More comfortable for everyone than <em>Mob Wives</em>

Sleeping with someone is one of the most intimate things you can do in life, except for sucking on a really long piece of spaghetti until you make out with a dog. Now letting you avoid the awkwardness and just sleep with their face, the guys behind PillowMob.

Launched by an SD native and his Seattle-based partner who probably knows how to use computers and stuff, Mob was born from the ridiculousness of the latter's bro-in-law ingeniously giving plush dolls of himself to his wedding guests, and is exactly what you think it is: a strong-arming organization that has its eye on controlling all bed-related industries pillows that look like freakin' people's faces. To spread your mug shame, simply upload a choice shot, pick from circular or oval, crop for a satisfying fit, and, finally, decide on "hair color" for the back, with choices ranging from large textured nubbins in a slew of colors, to animal prints, to a fuzzy "Fake Cheese", and just by looking at it, it's Easy to see what they mean.

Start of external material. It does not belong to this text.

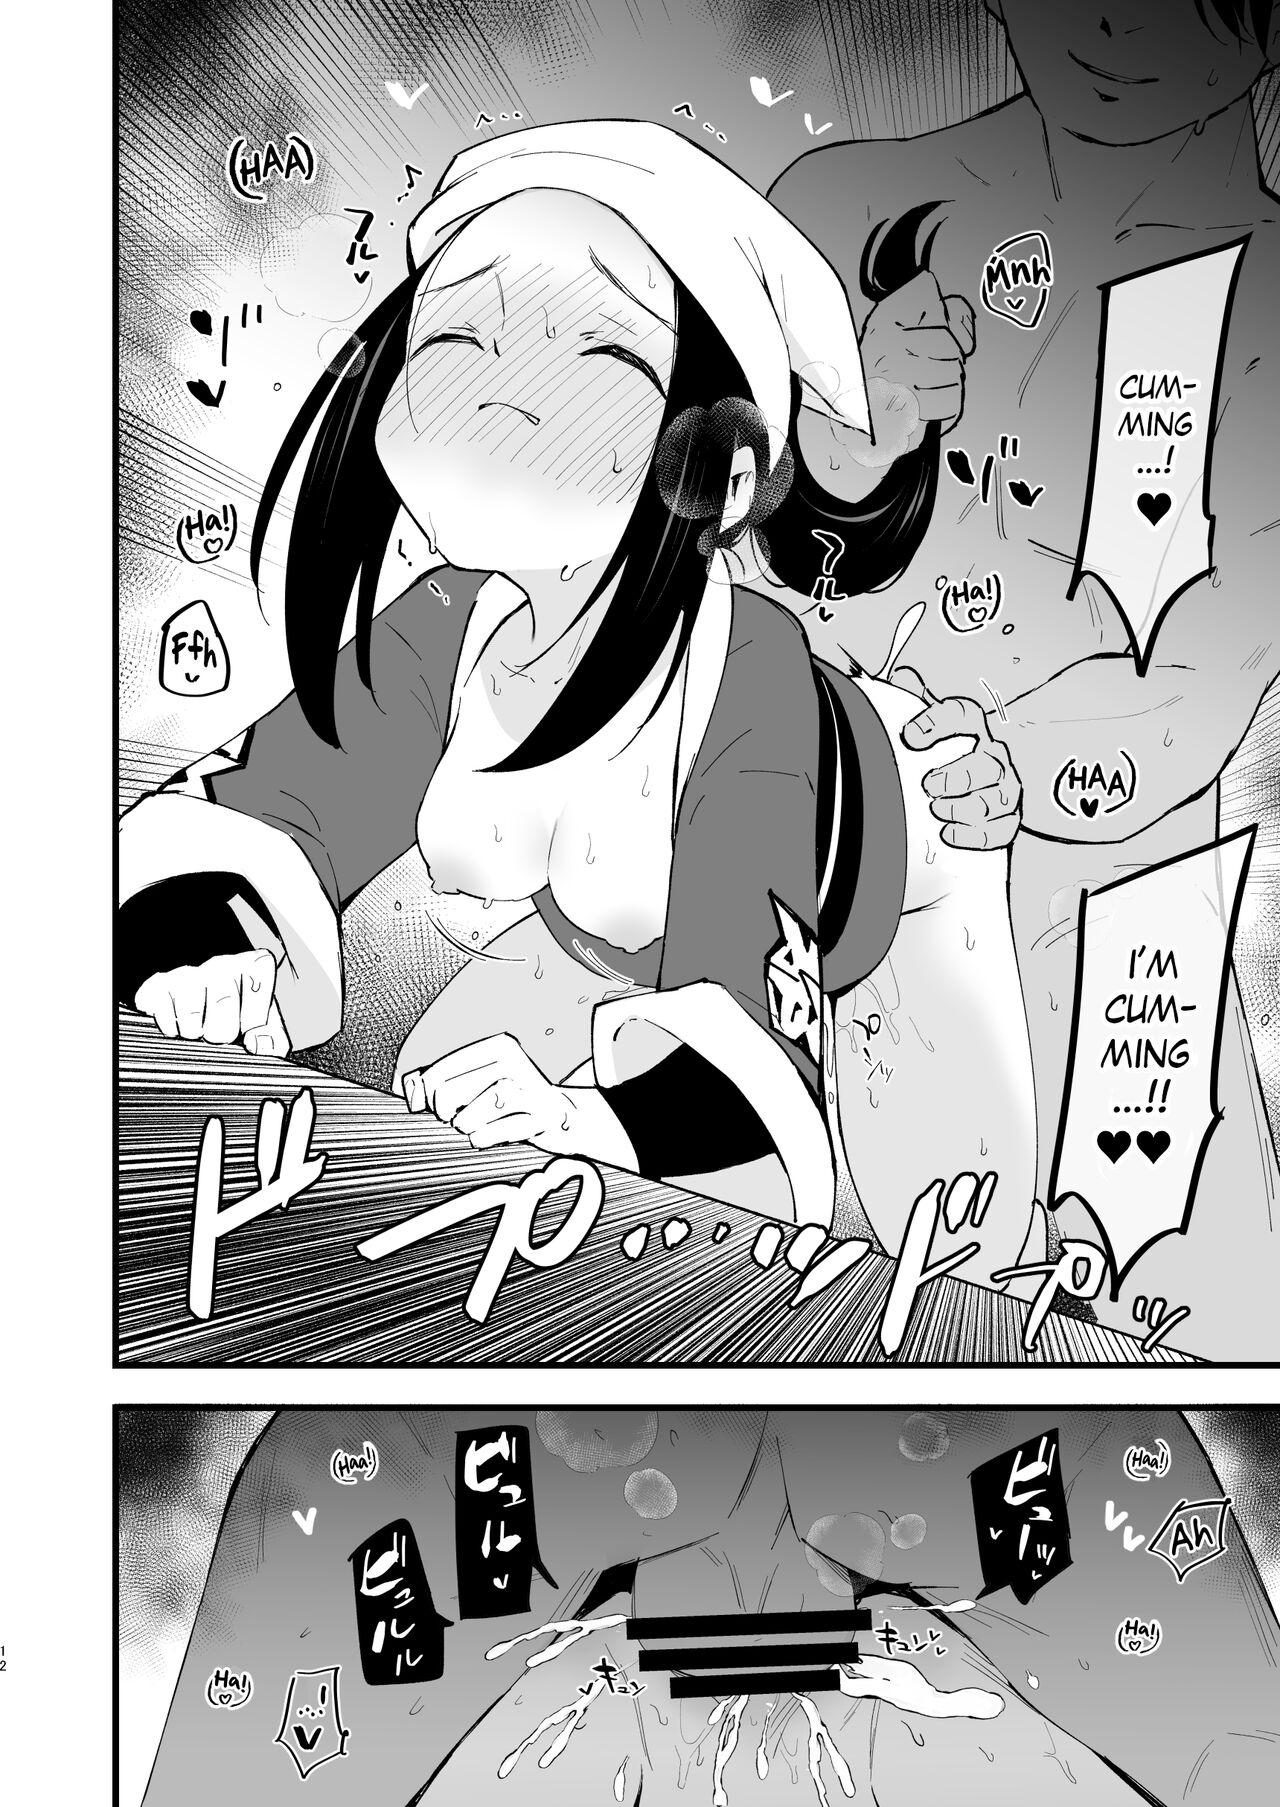 Spoon Hisui Tensei-roku | Records of my reincarnation in Hisui - Pokemon | pocket monsters 3some - Page 11

The turnaround on custom jobs is about three weeks, so wait-haters can choose from the ever-growing library of pre-mades including beauties like OHH with a blonde/ blue-haired chick showing off her "O" face; and a blank-faced, scruffy dude in a hood called Creeper, so it may be better if you keep that purchase on the down low...said nobody is suppppposed to know!

They're currently working on a mobile app so you can pillow-immortalize stupid fun on the go, and because people come in all shapes and sizes, they'll soon expand beyond the roundish offerings, potentially to full-body pillows, which're perfect to hold on to at night, when you realize your Lady is a Tramp.